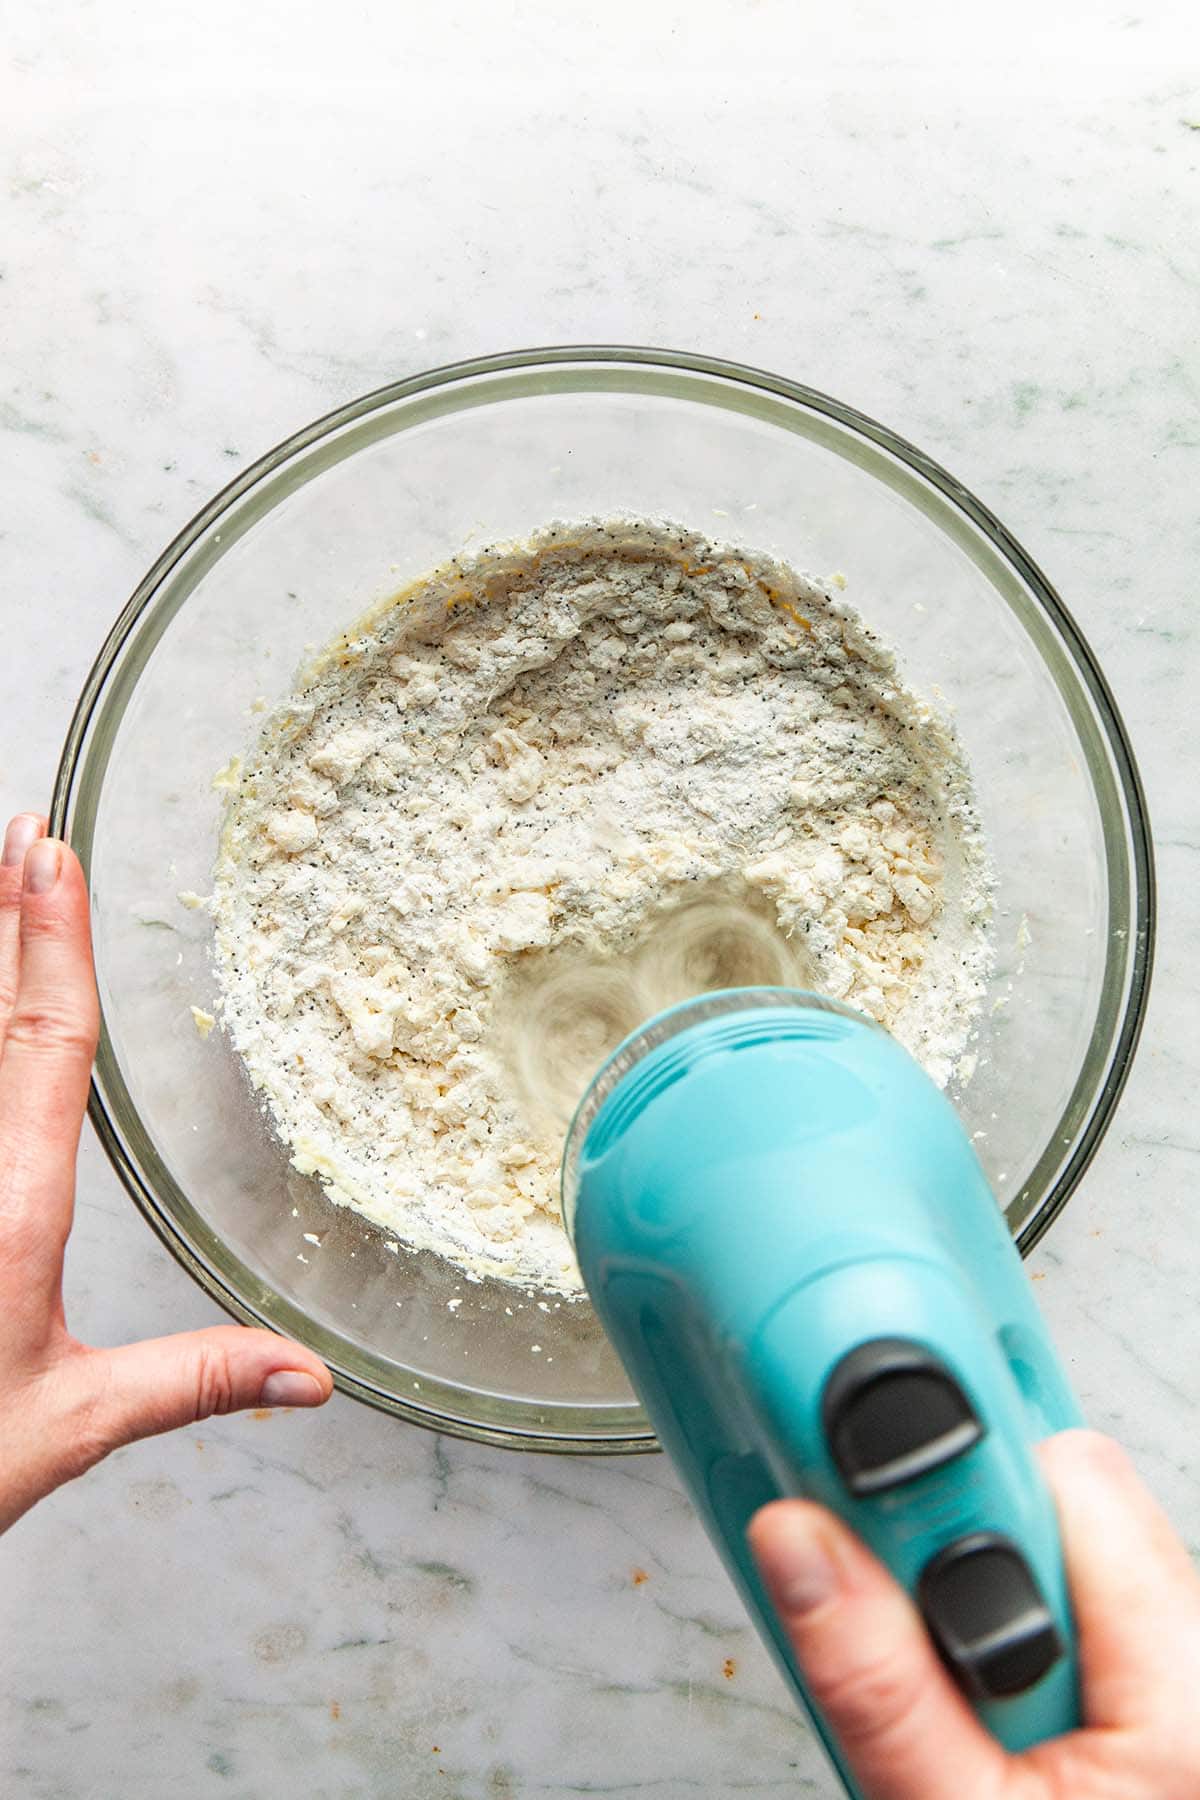 A hand mixer being used to mix flour and butter.
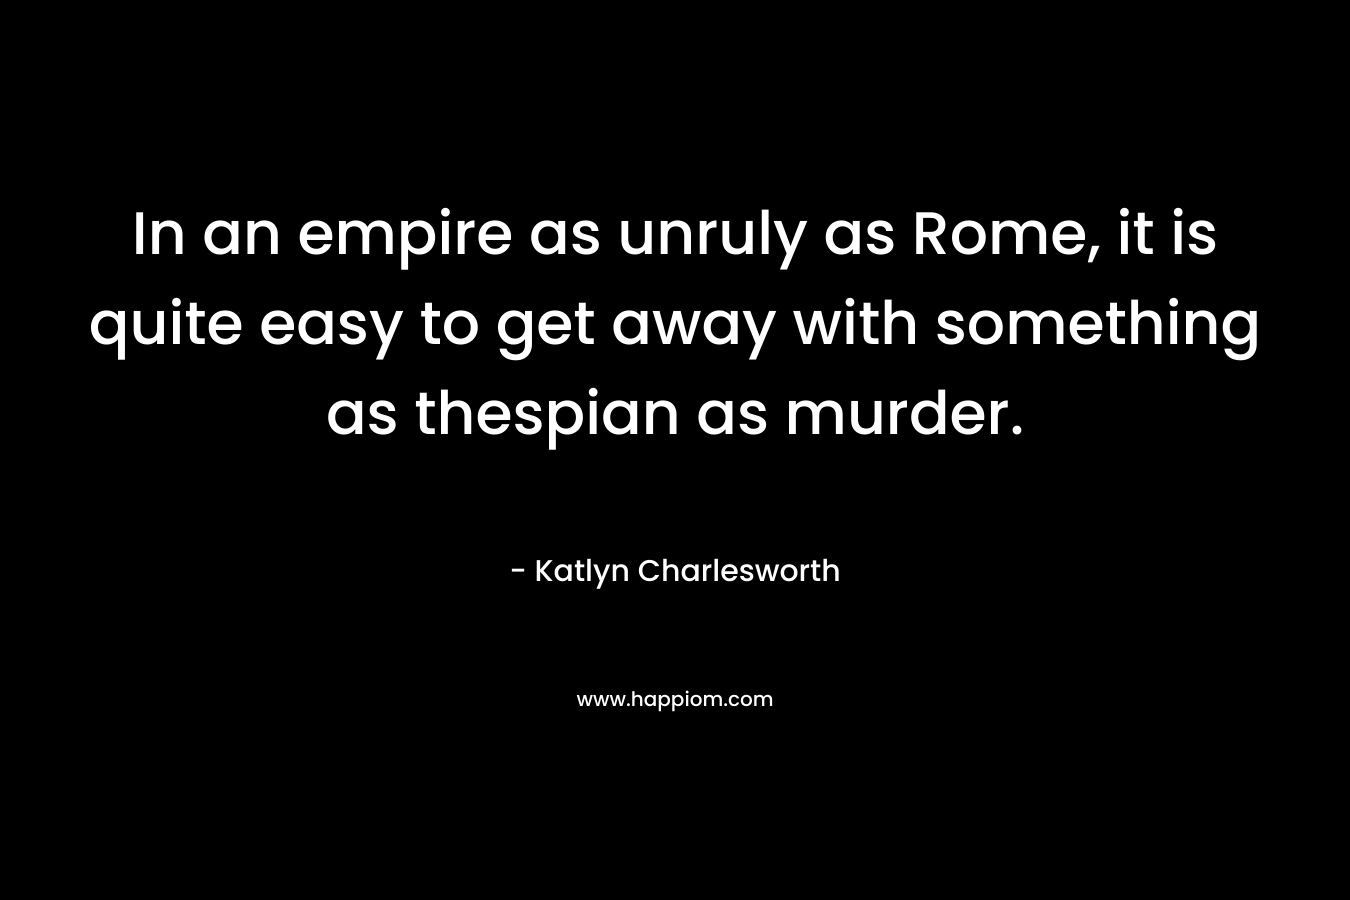 In an empire as unruly as Rome, it is quite easy to get away with something as thespian as murder. – Katlyn Charlesworth
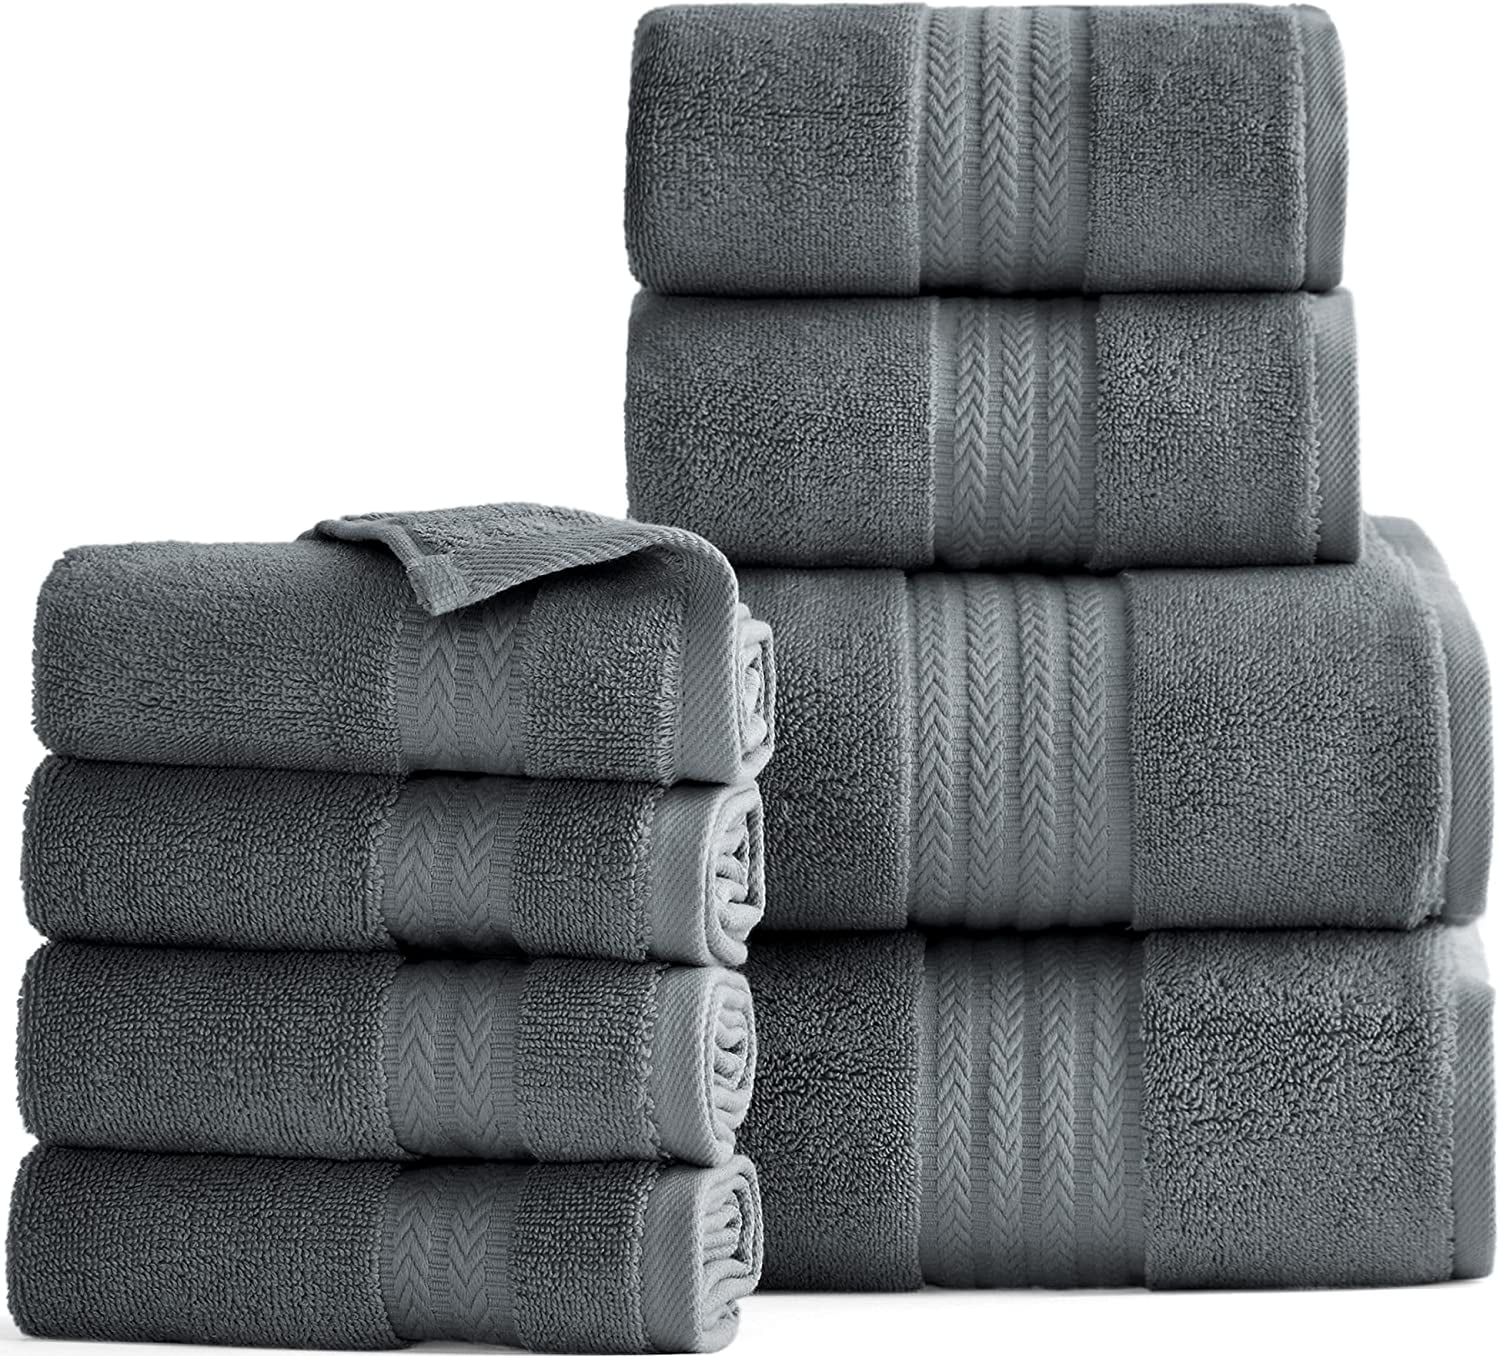 Bath Towel & Sheet Soft Touch Towels 100% pure Egyptian cotton 500 GSM Hand 
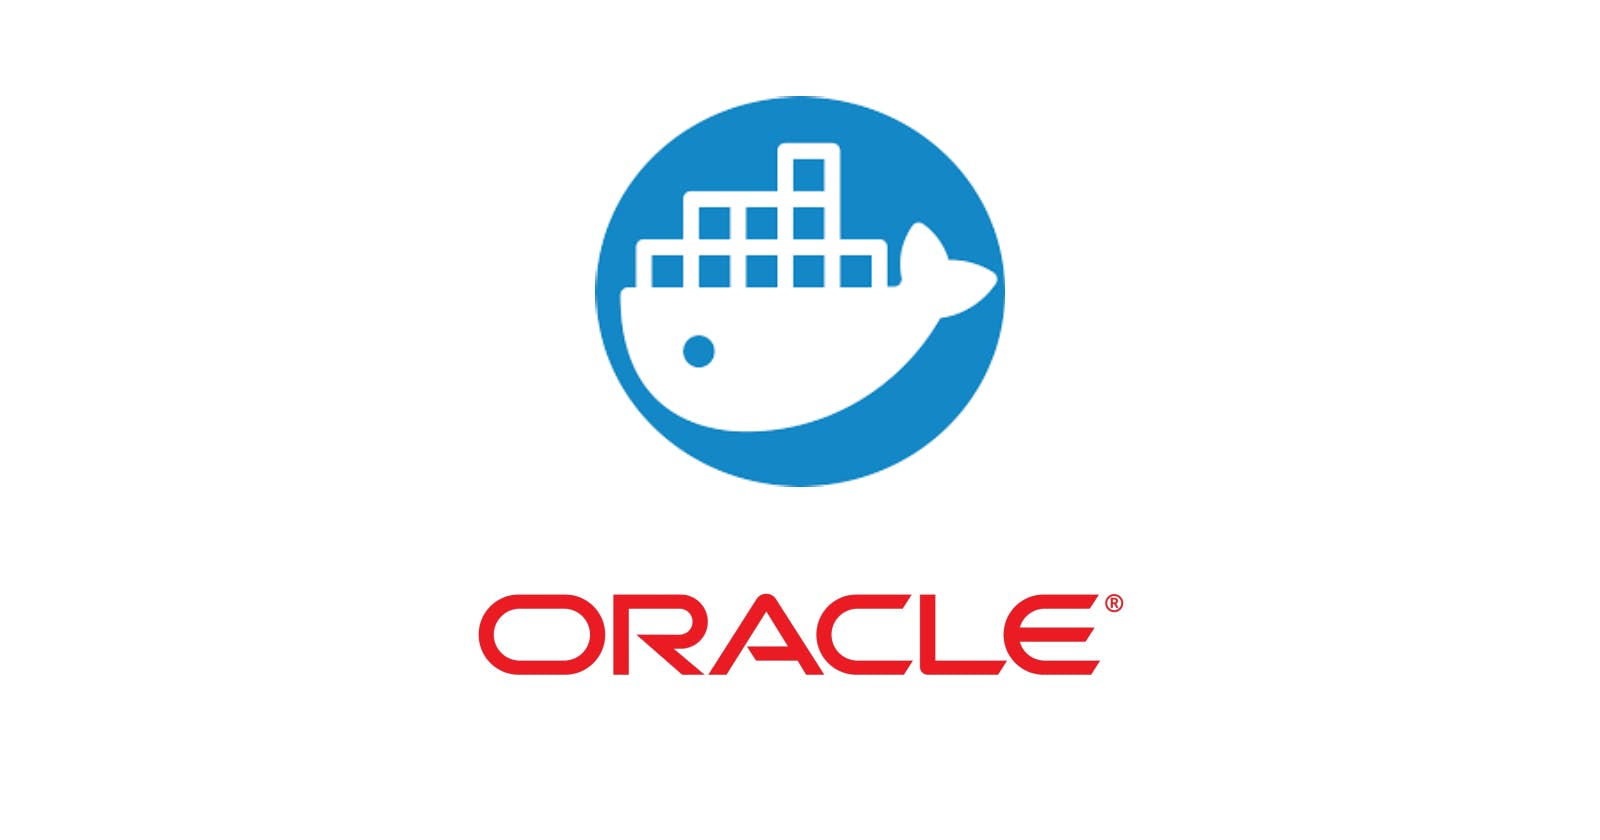 How to Run an Oracle Database Container
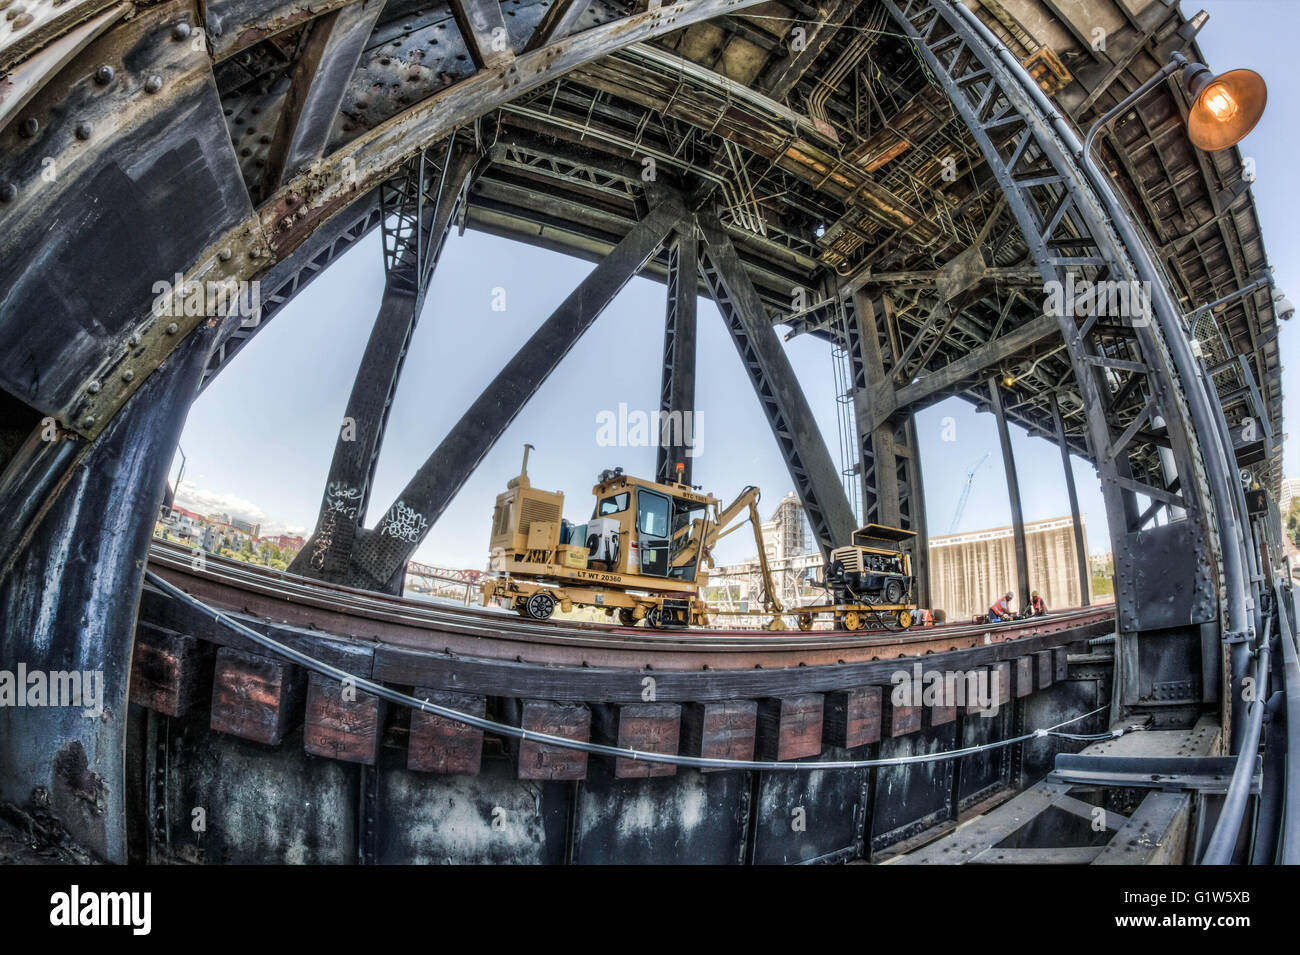 Work being done on the rail under a steel bridge Stock Photo
○ ○ ○ ○ ○
With all pictures removed, reproduce the lines from the top of the entries above through the line containing "How to Run an Oracle Database Container", exactly as written.

 A hand mixer being used to mix flour and butter.
 In an empire as unruly as Rome, it is quite easy to get away with something as thespian as murder. – Katlyn Charlesworth
 Bath Towel & Sheet Soft Touch Towels 100% pure Egyptian cotton 500 GSM Hand 
 How to Run an Oracle Database Container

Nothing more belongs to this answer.